> _What to do_
Look below for the line with "Dark Angel - (1993)" and the line with "Soi Cowboy 2". Copy exactly those two lines and every line between, but not the pictures.

> _Material for the task_
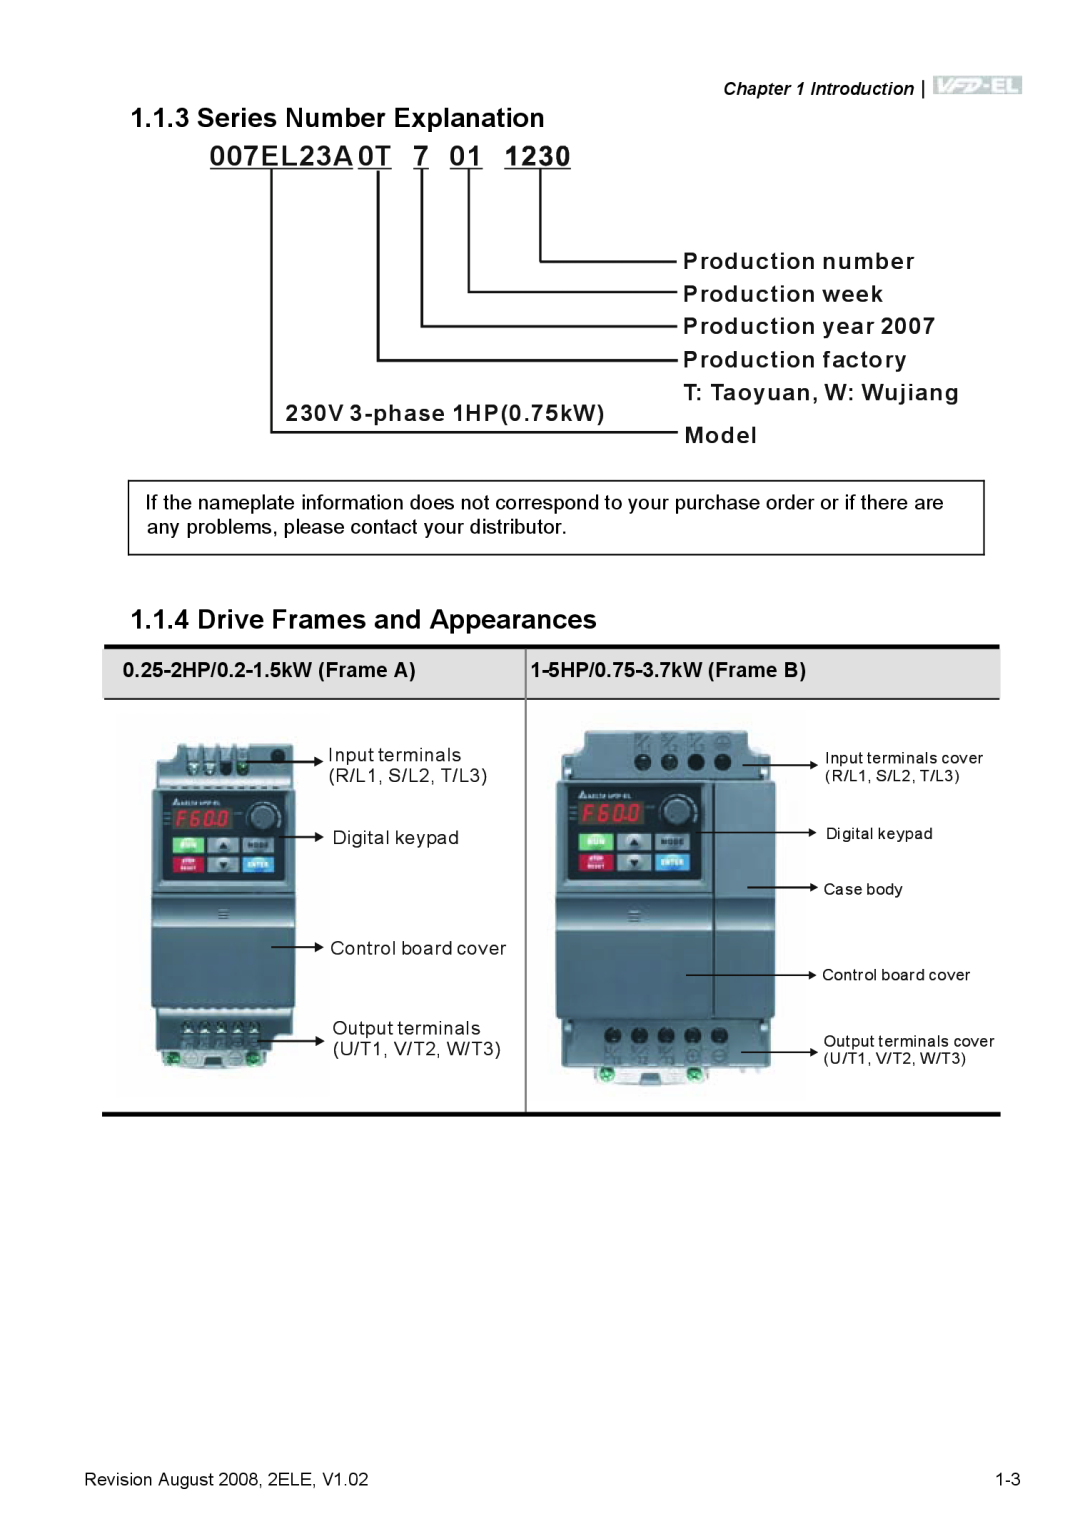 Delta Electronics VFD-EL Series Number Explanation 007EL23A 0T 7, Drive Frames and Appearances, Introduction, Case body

* * *

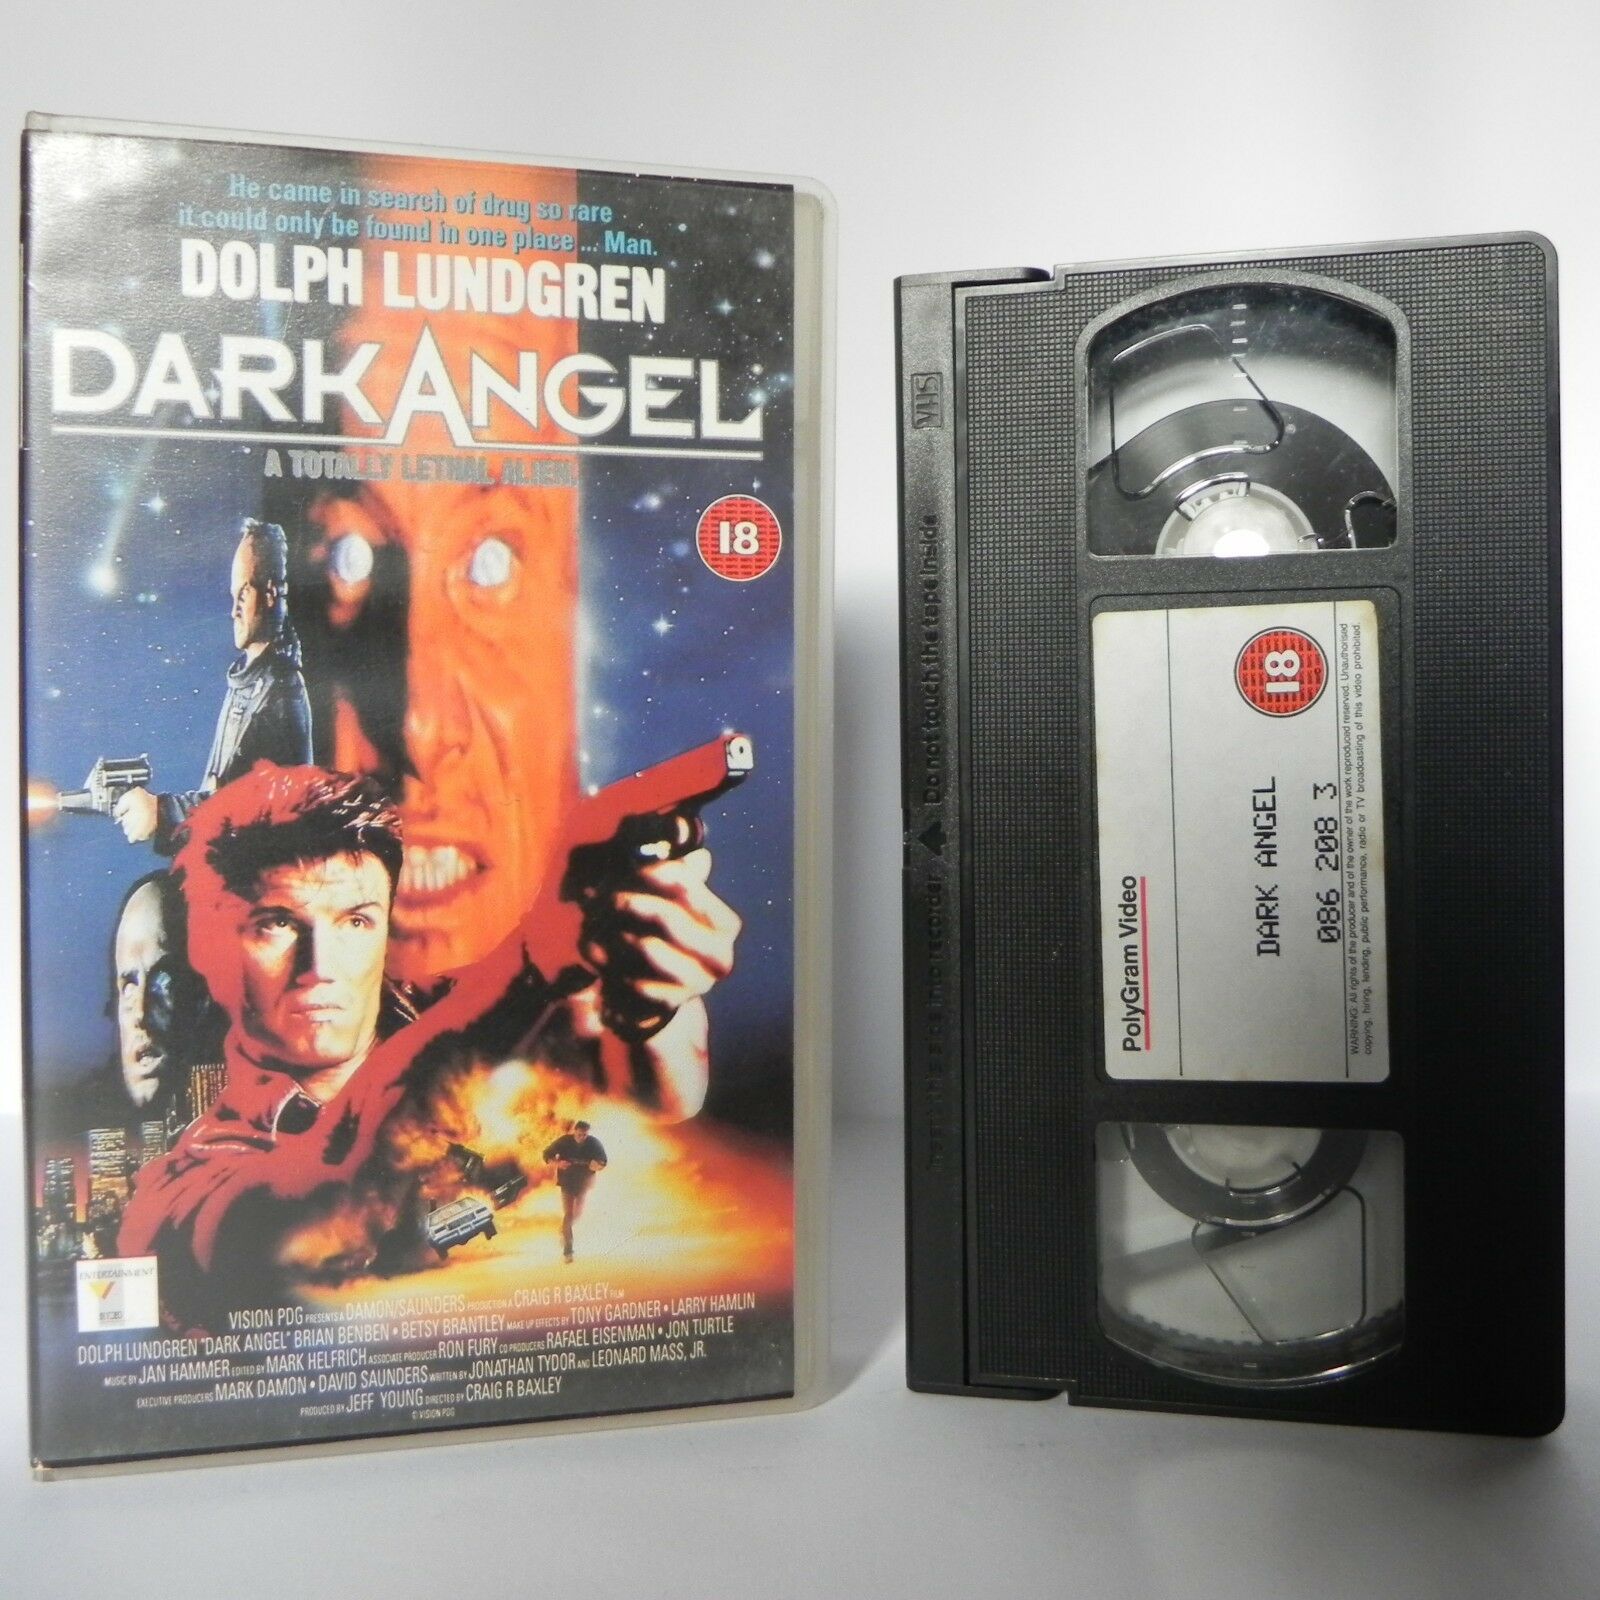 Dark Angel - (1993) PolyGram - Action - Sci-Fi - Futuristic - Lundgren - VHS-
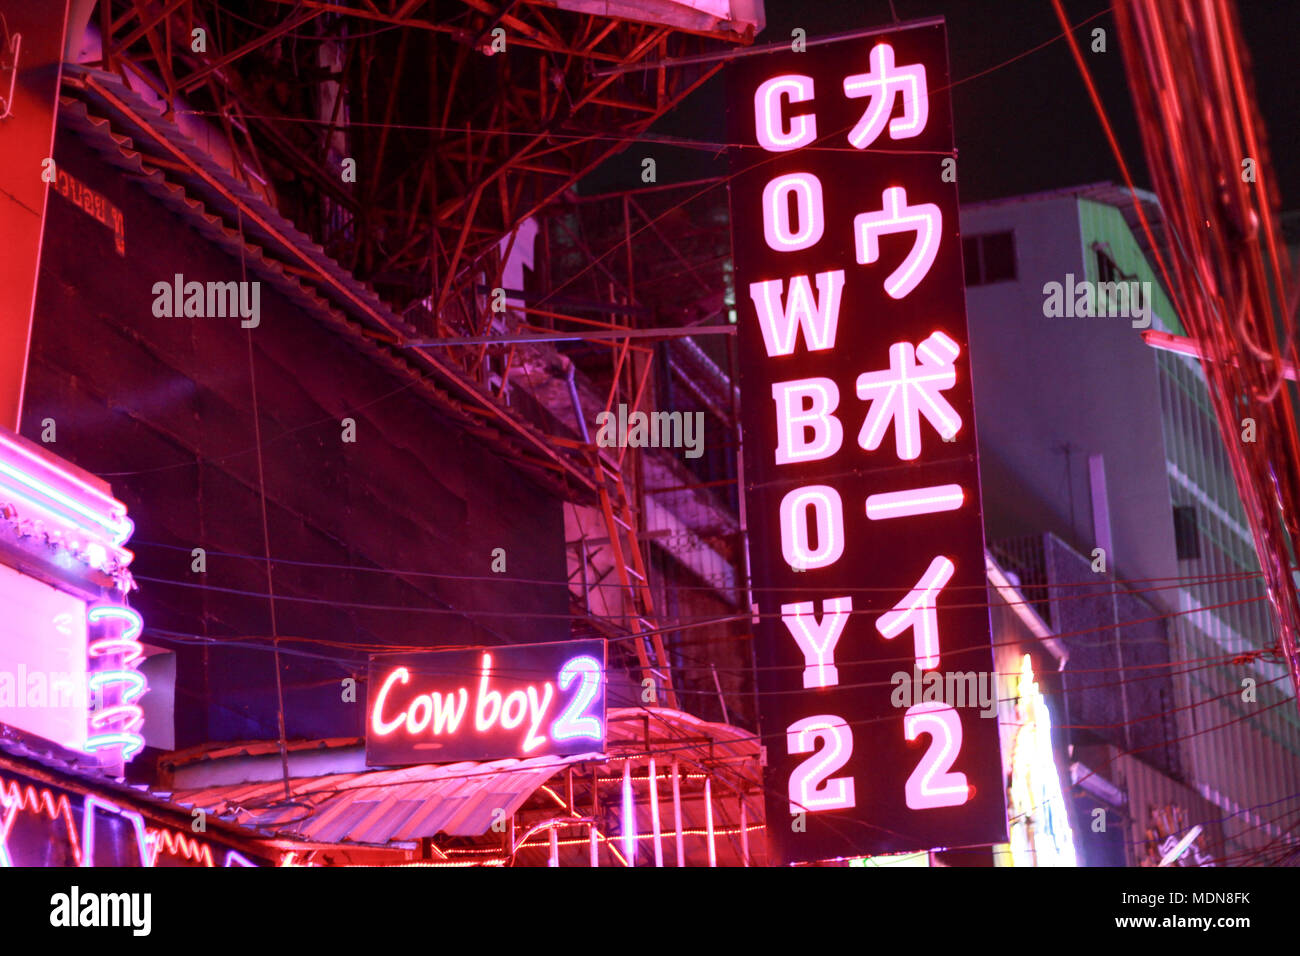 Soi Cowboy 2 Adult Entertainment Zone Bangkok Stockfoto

--

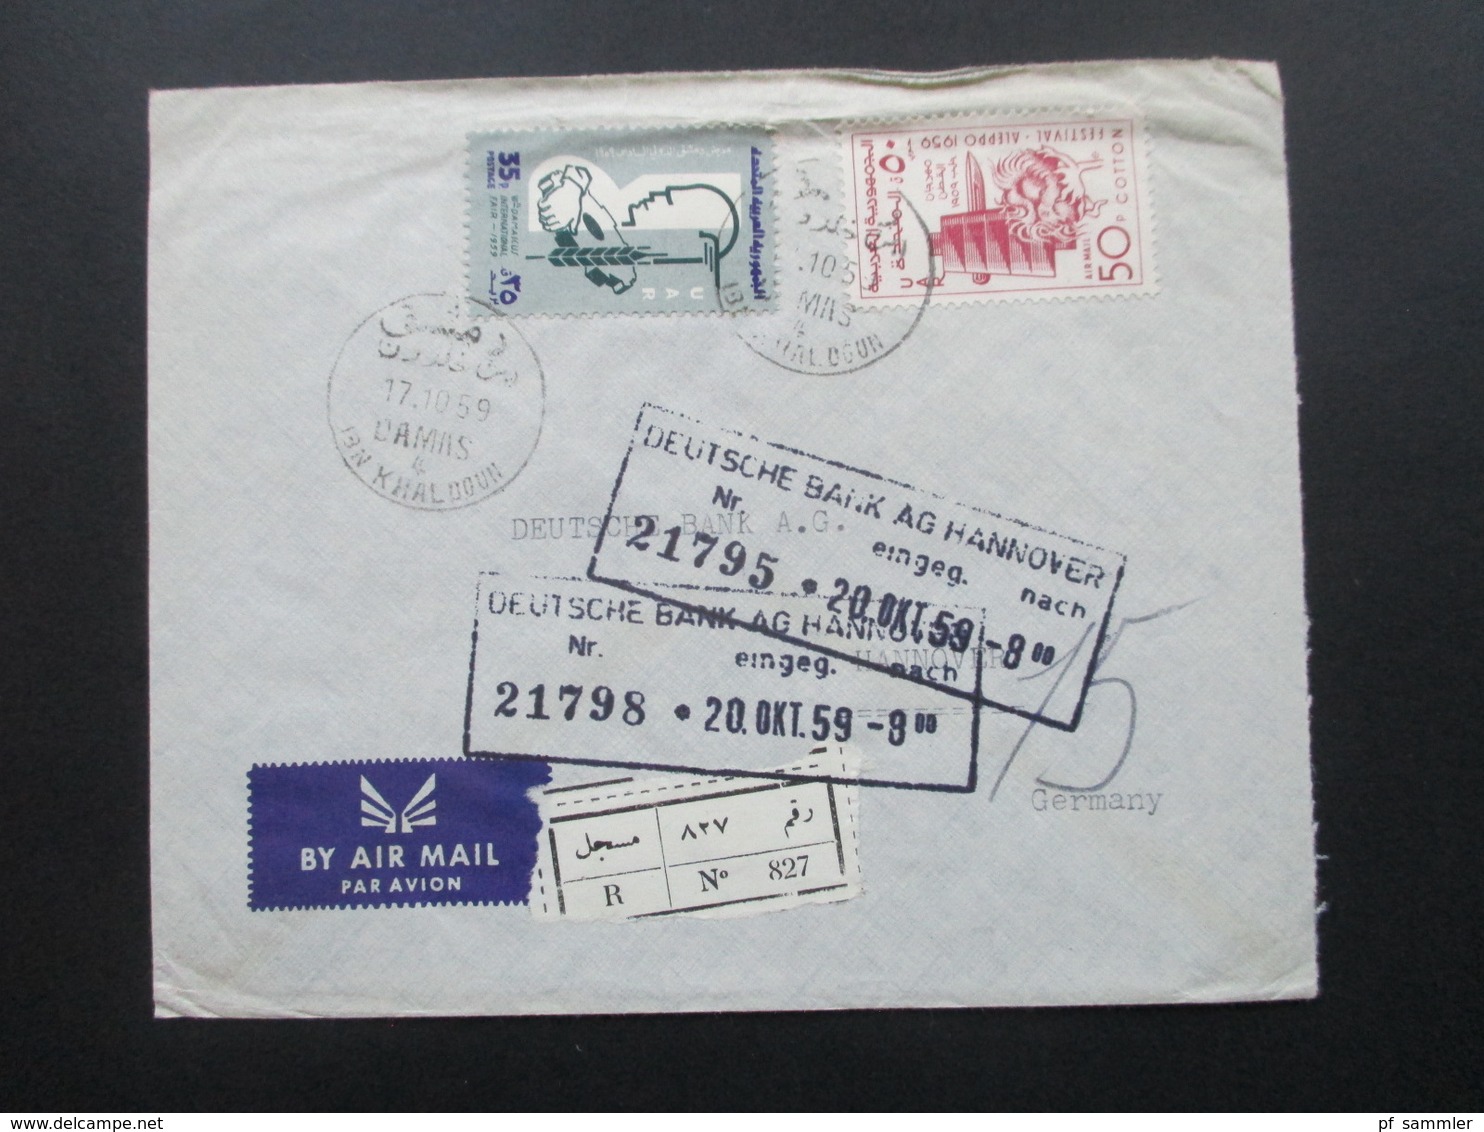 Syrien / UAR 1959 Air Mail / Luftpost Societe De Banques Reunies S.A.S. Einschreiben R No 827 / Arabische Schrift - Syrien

> _Answer below_
 Dark Angel - (1993) PolyGram - Action - Sci-Fi - Futuristic - Lundgren - VHS-
 Soi Cowboy 2 Adult Entertainment Zone Bangkok Stockfoto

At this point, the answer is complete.